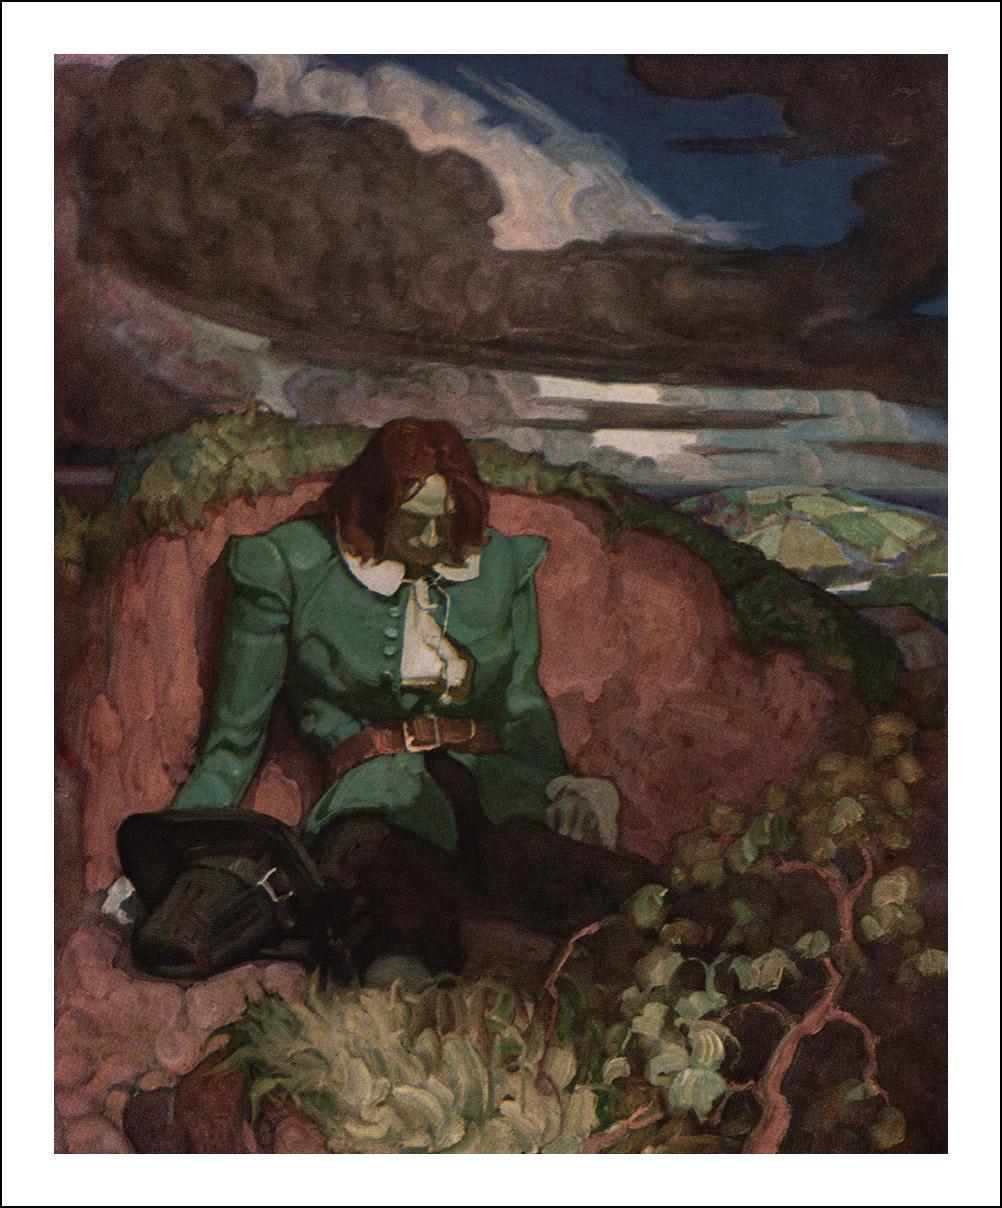 Mead Schaeffer, Lorna Doone
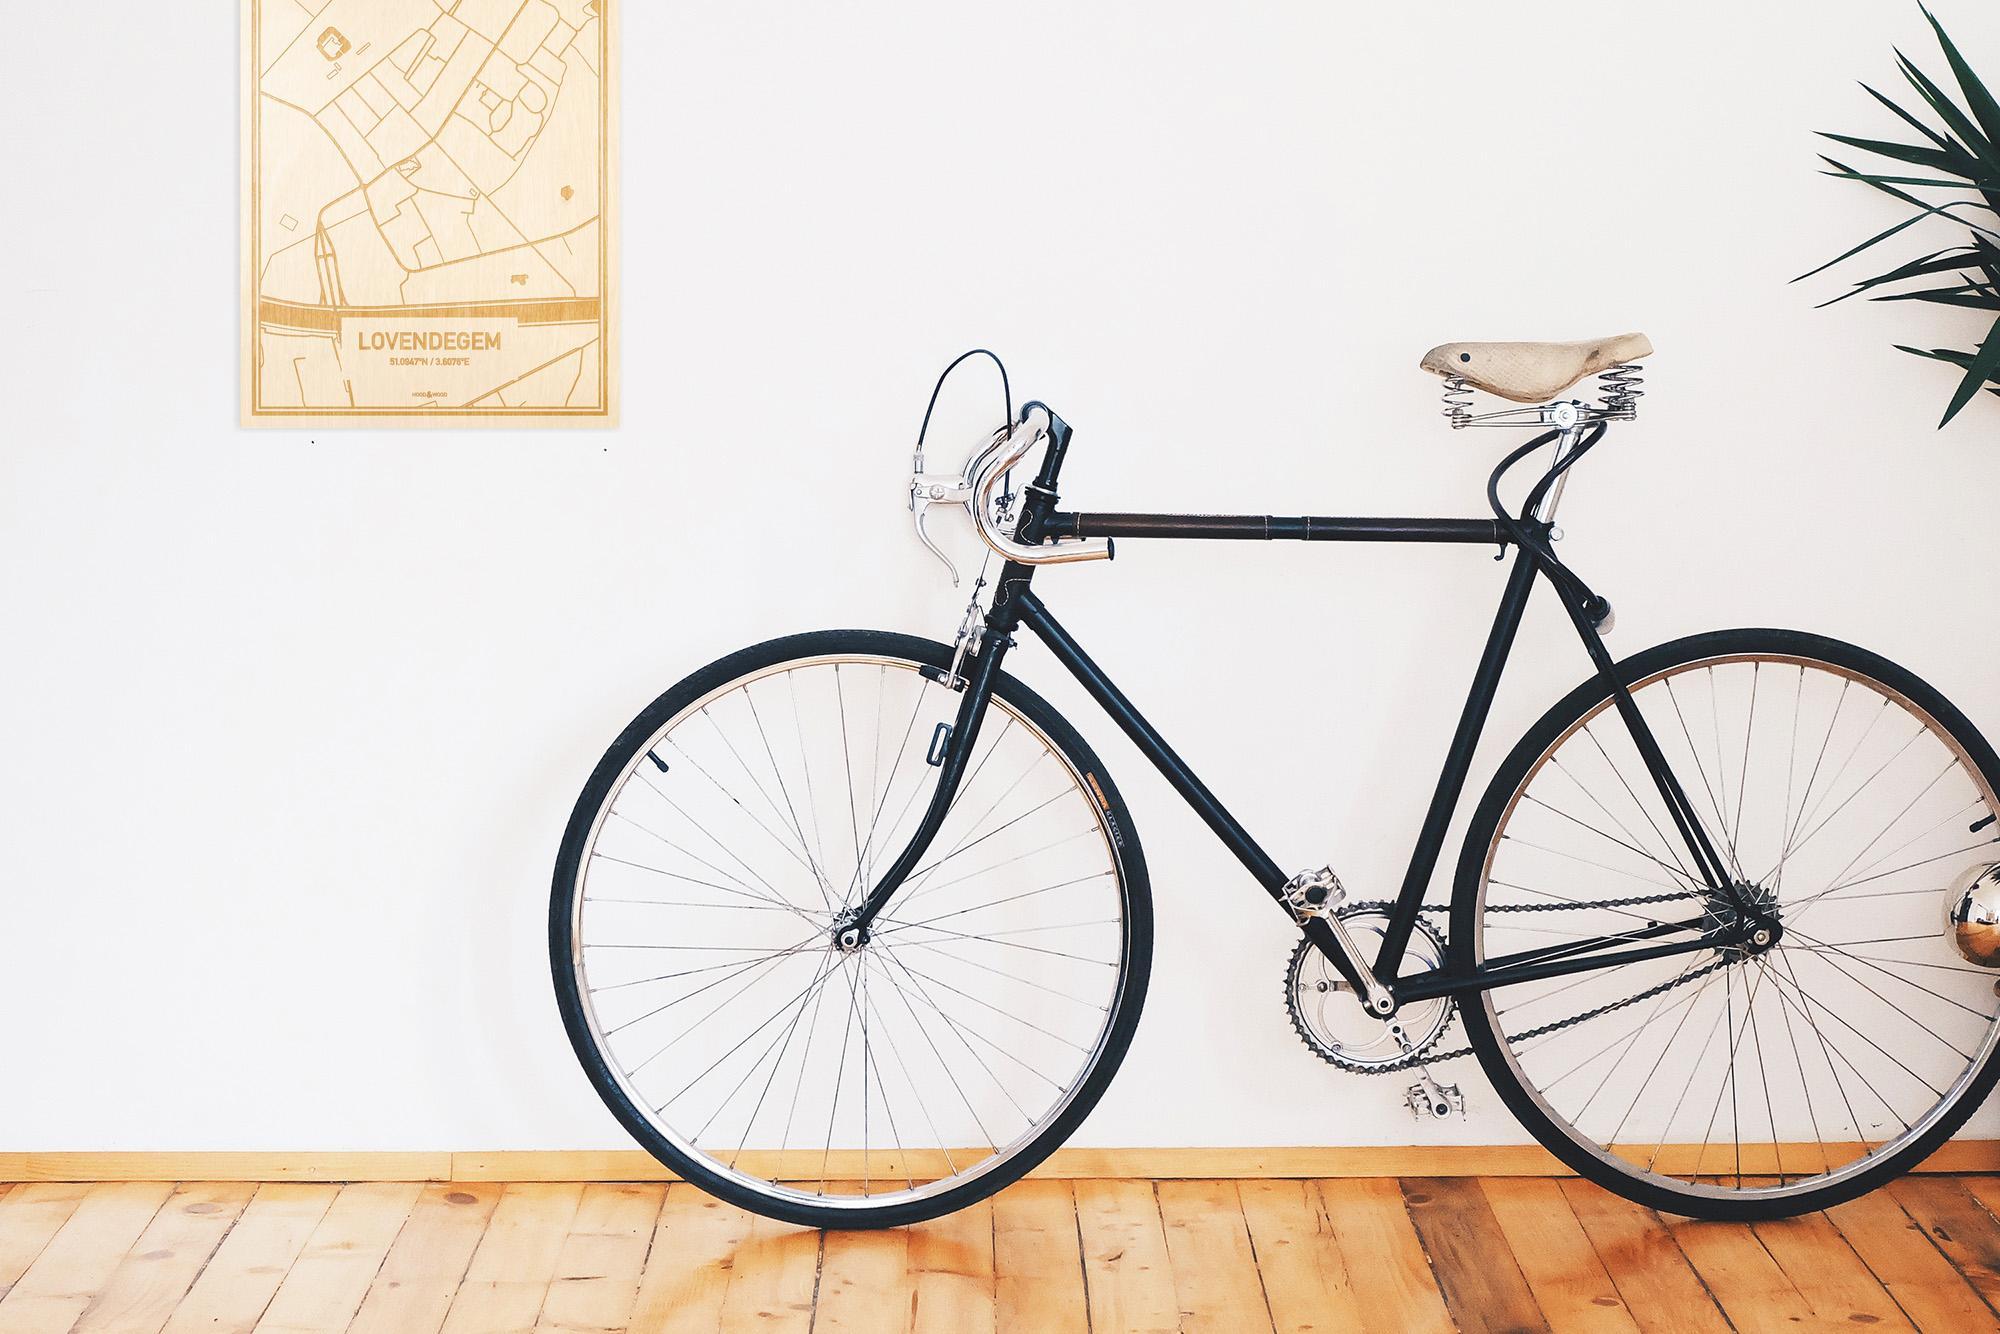 Een snelle fiets in een uniek interieur in Oost-Vlaanderen  met mooie decoratie zoals de plattegrond Lovendegem.
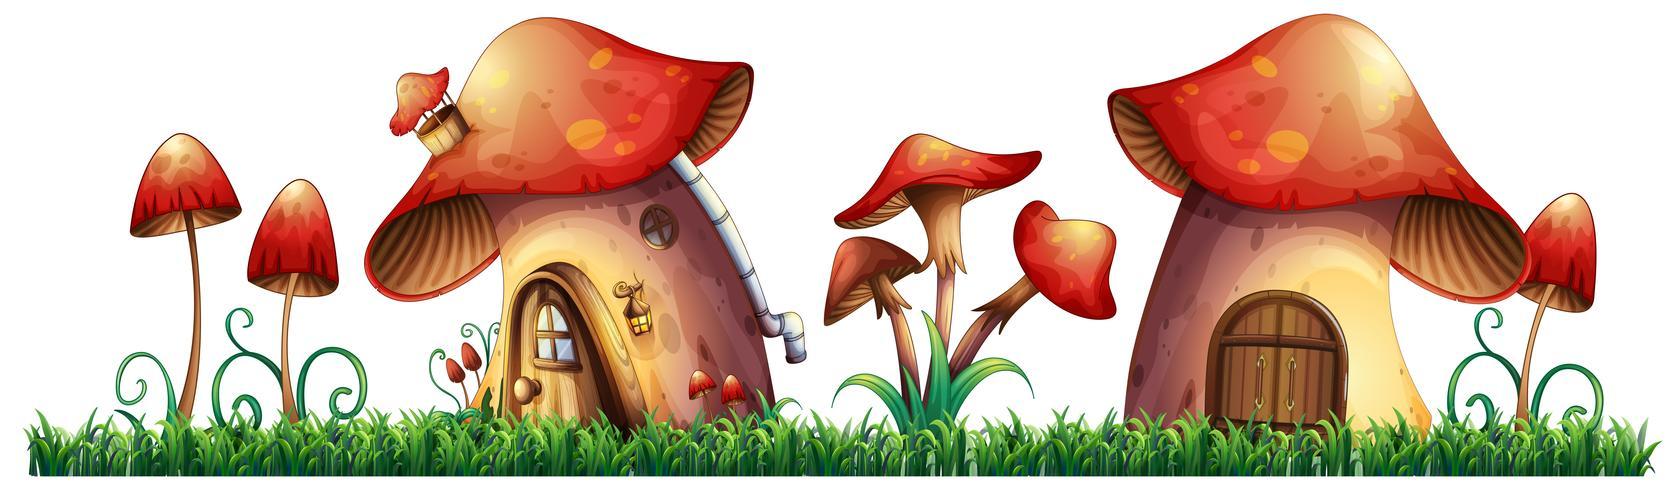 Case di funghi in giardino vettore
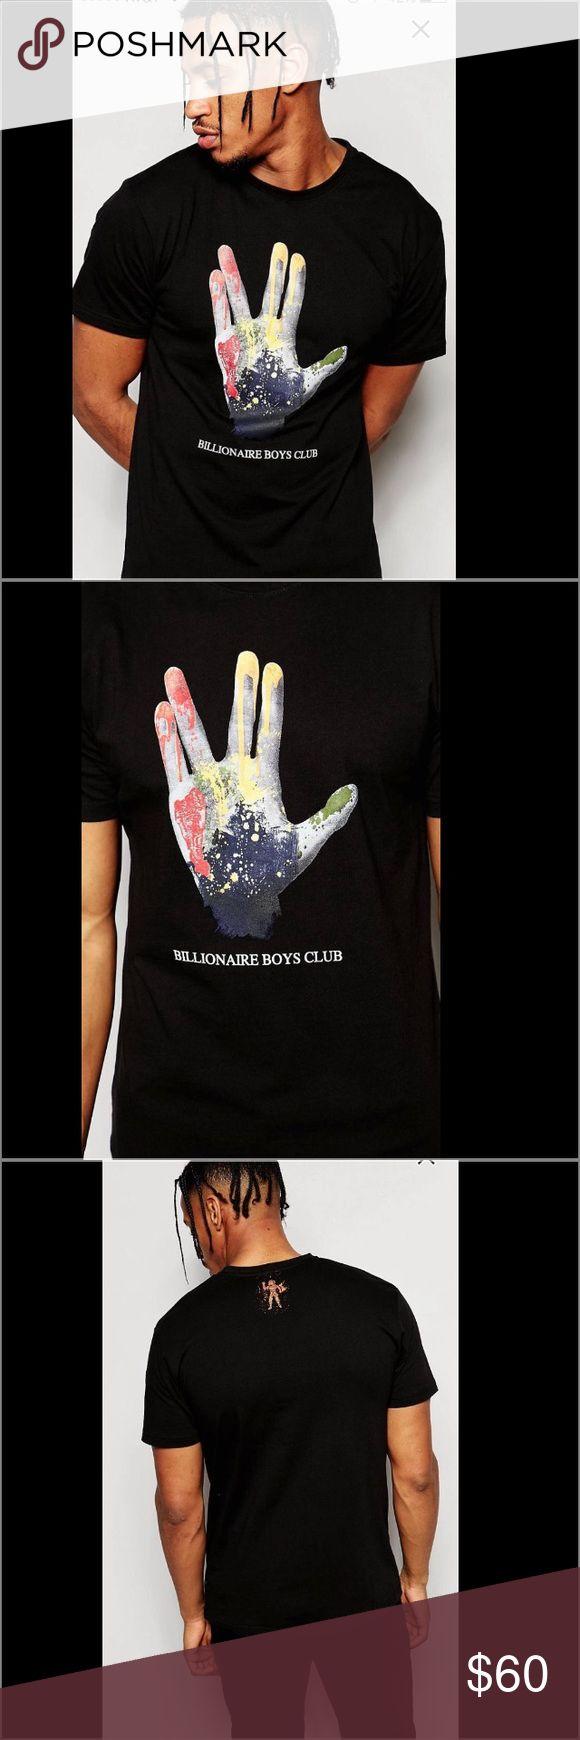 Billionaire Boys Club t-shirt Billionaire Boys Club t-shirt Billionaire Boys Club Shirts Tees - Short Sleeve

-------------------------

Would you give again exactly the lines from the line containing "Case di funghi in giardino vettore" through the end of the listing, both ends included, without any pictures?

 Case di funghi in giardino vettore
 Billionaire Boys Club t-shirt Billionaire Boys Club t-shirt Billionaire Boys Club Shirts Tees - Short Sleeve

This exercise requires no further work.